● **DATA PROVIDED**:
□ □ □ □
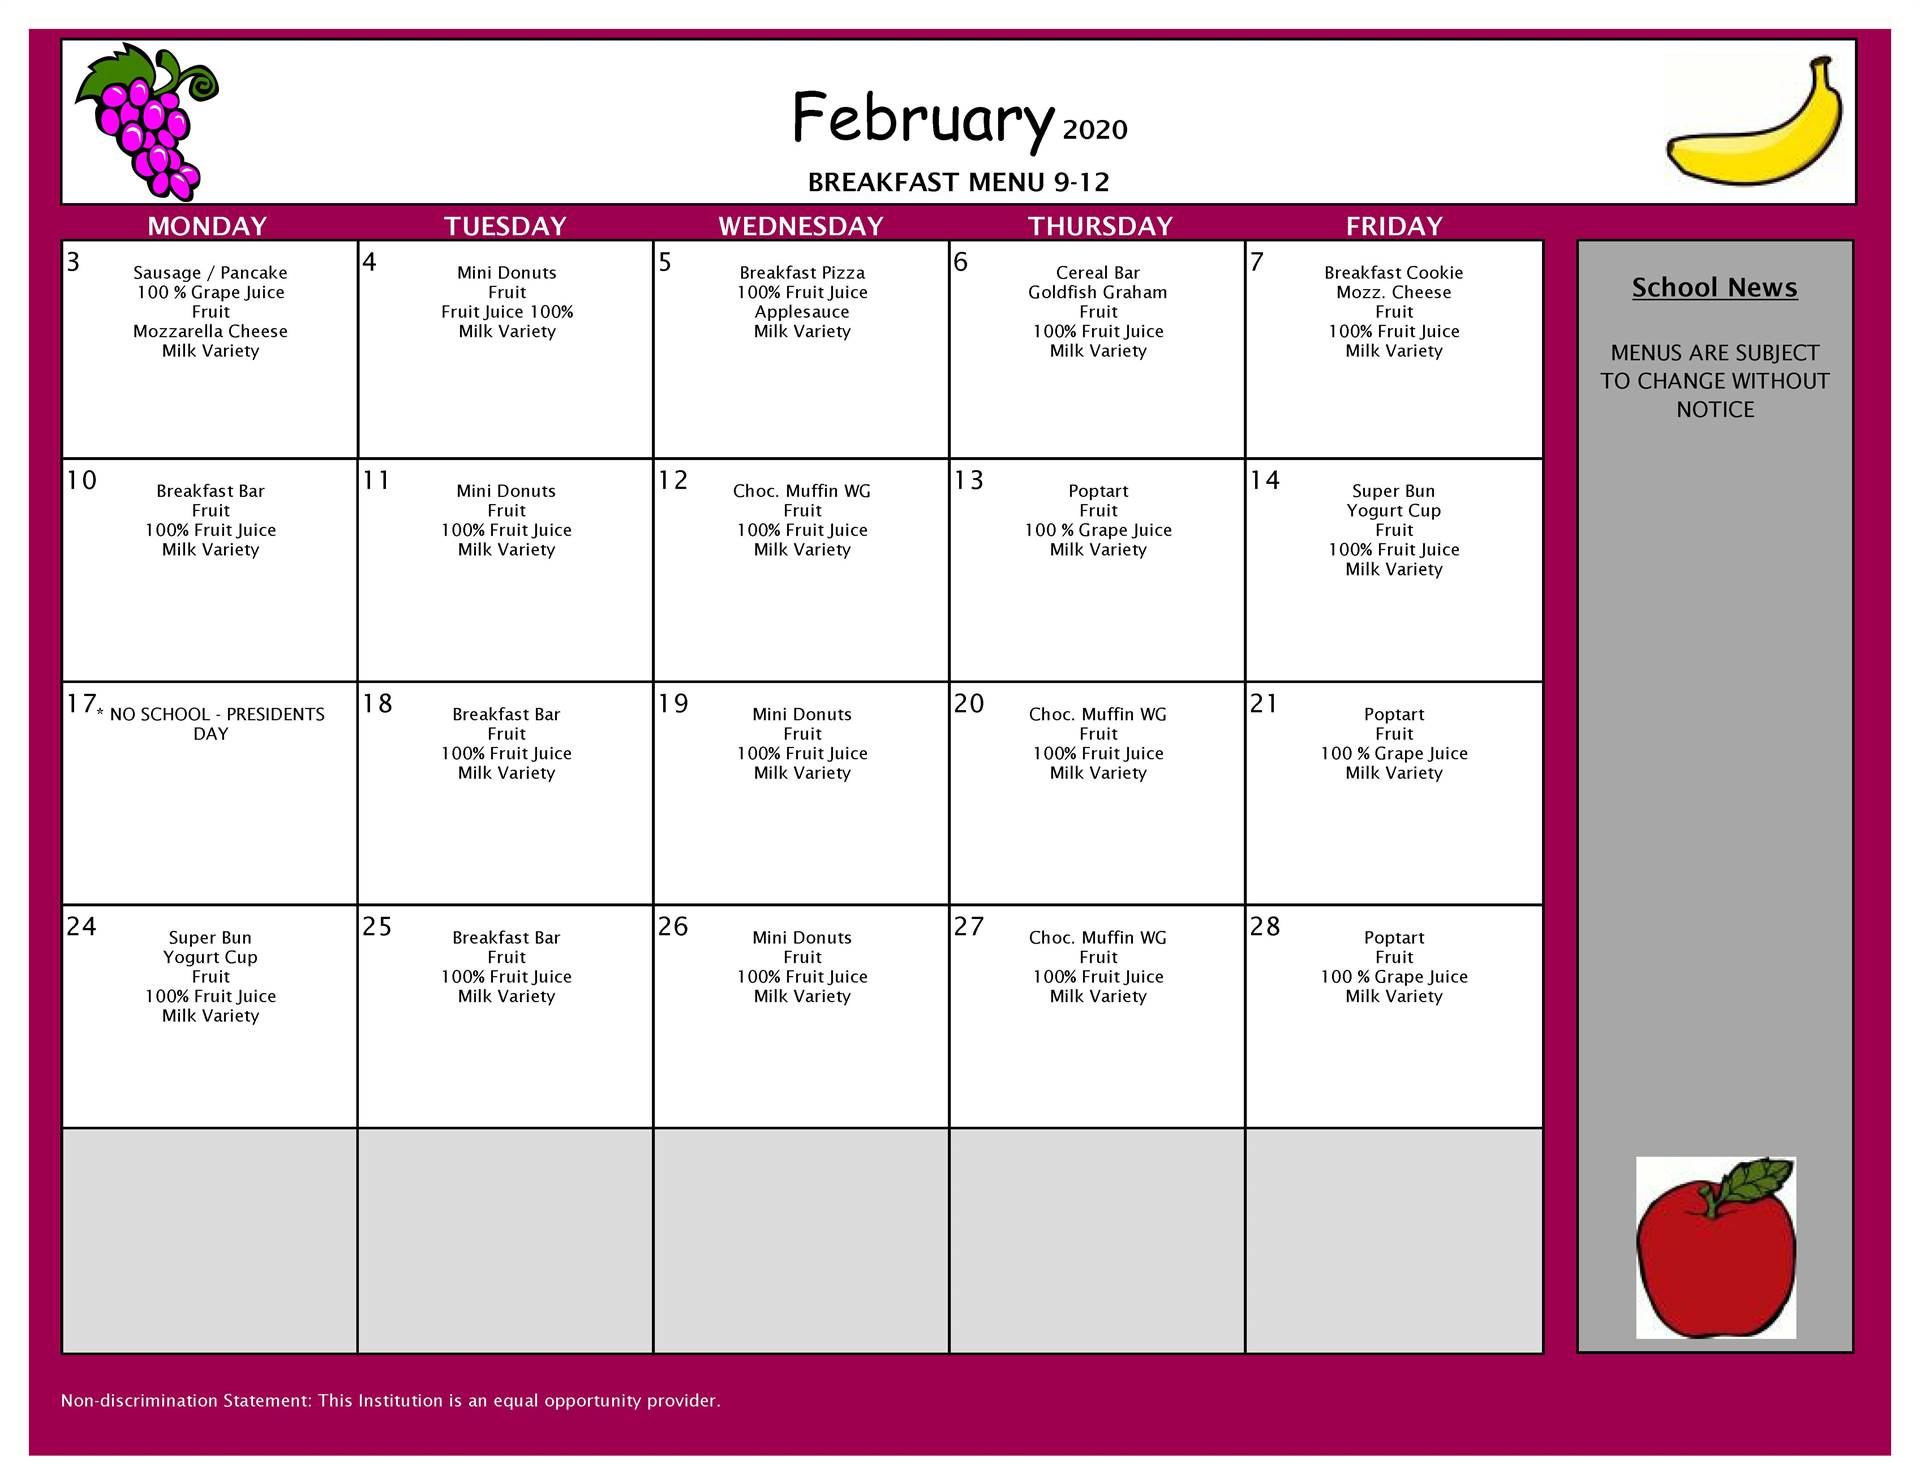 February Breakfast Grades 9-12
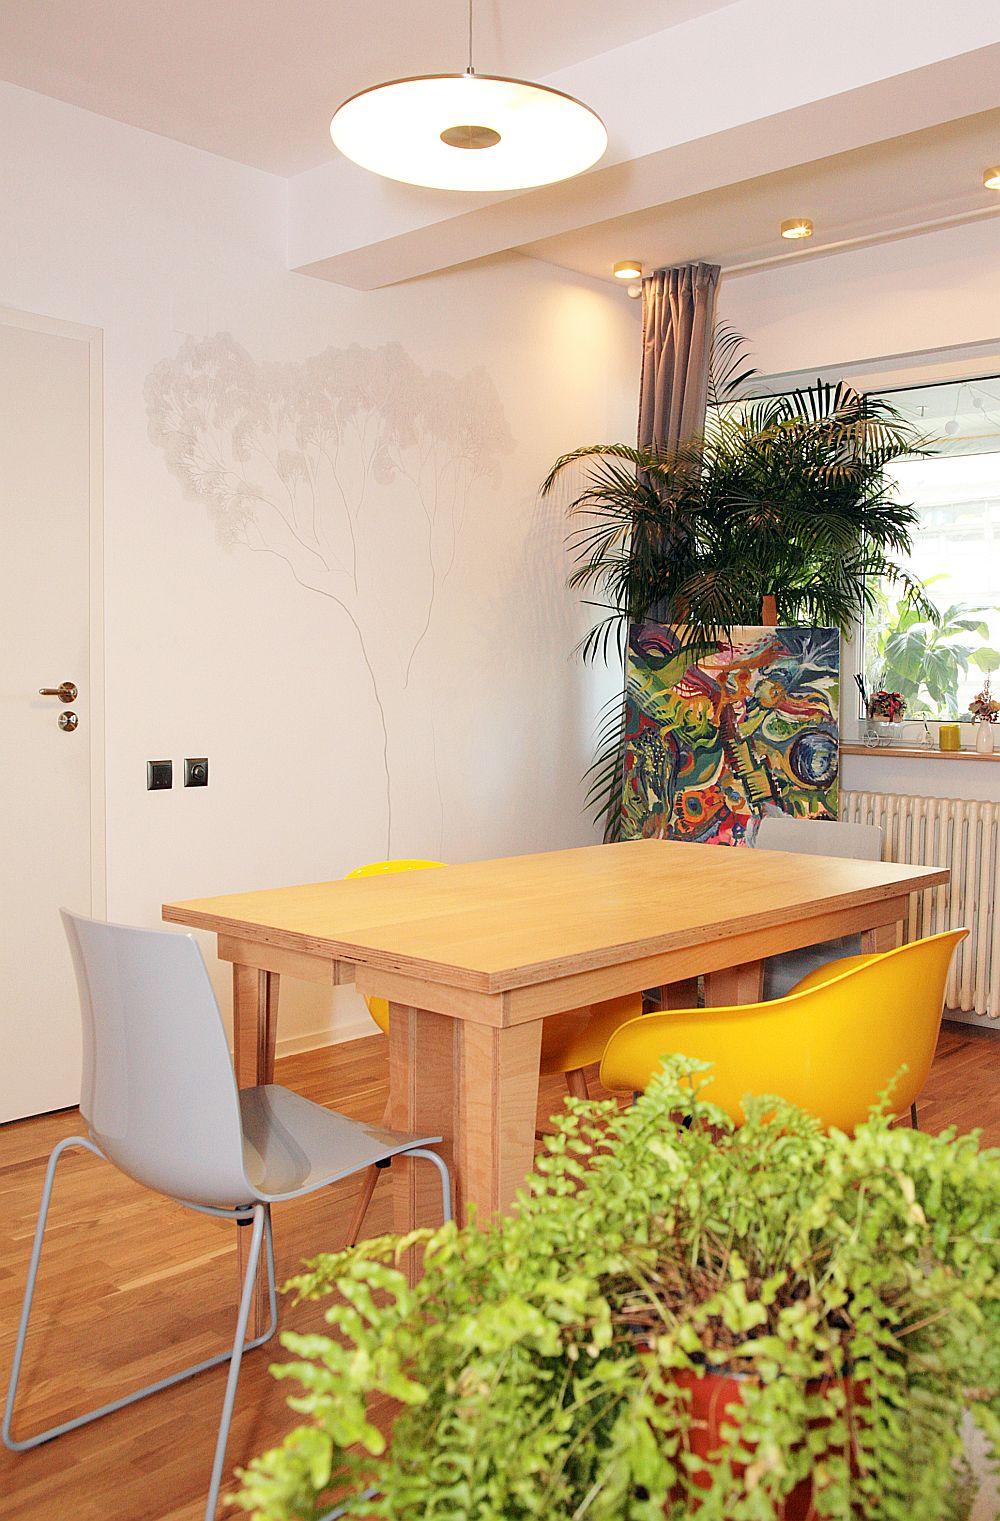 adelaparvu.com despre apartament de doua camere in Bucuresti ingenios amenajat, design ValDecor, Foto Alia Bakutayan (20)
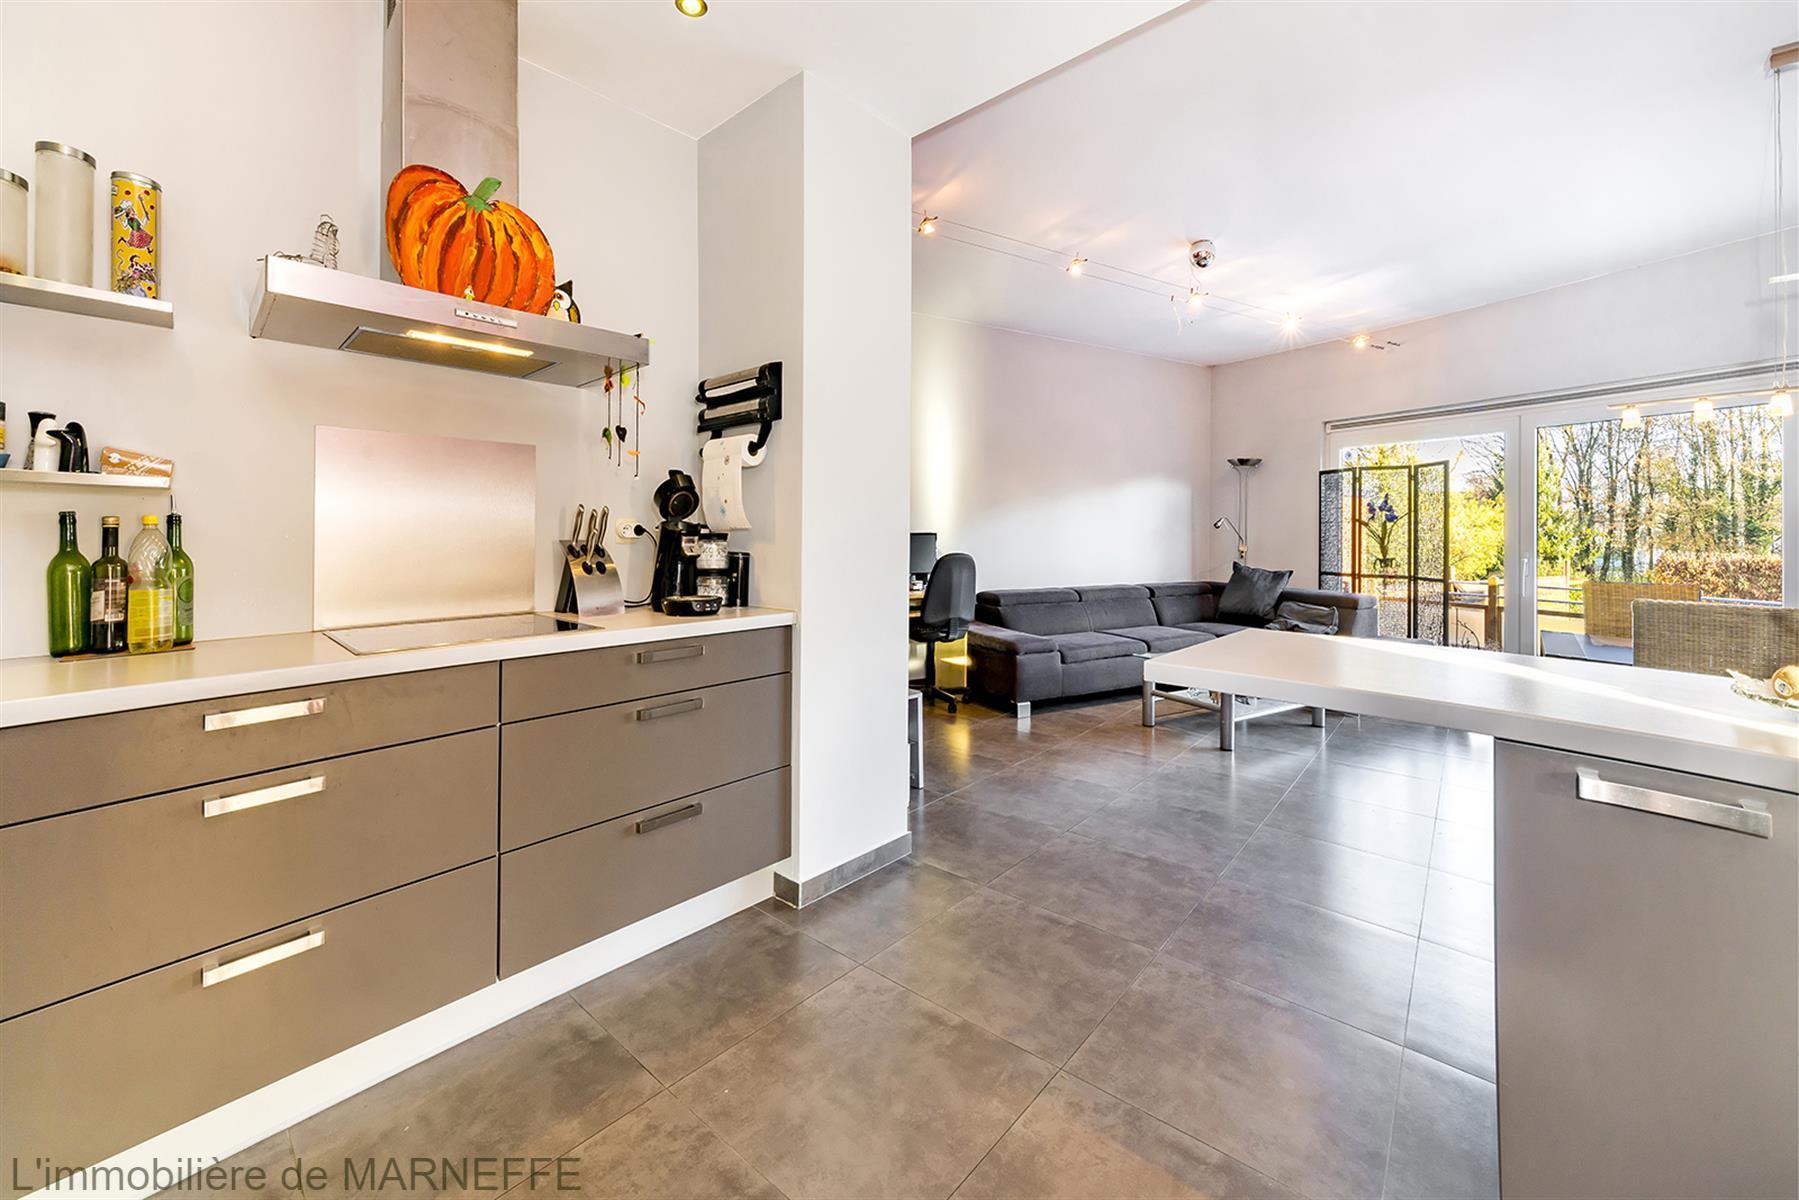 Appartement avec jardin - Orp-Jauche - #3625402-6
□ □ □ □
● **WHAT TO PRODUCE**:
Would you please retype the material above exactly and leave out each picture?

● **TASK RESULT**:
 February Breakfast Grades 9-12
 adelaparvu.com despre apartament de doua camere in Bucuresti ingenios amenajat, design ValDecor, Foto Alia Bakutayan (20)
 Appartement avec jardin - Orp-Jauche - #3625402-6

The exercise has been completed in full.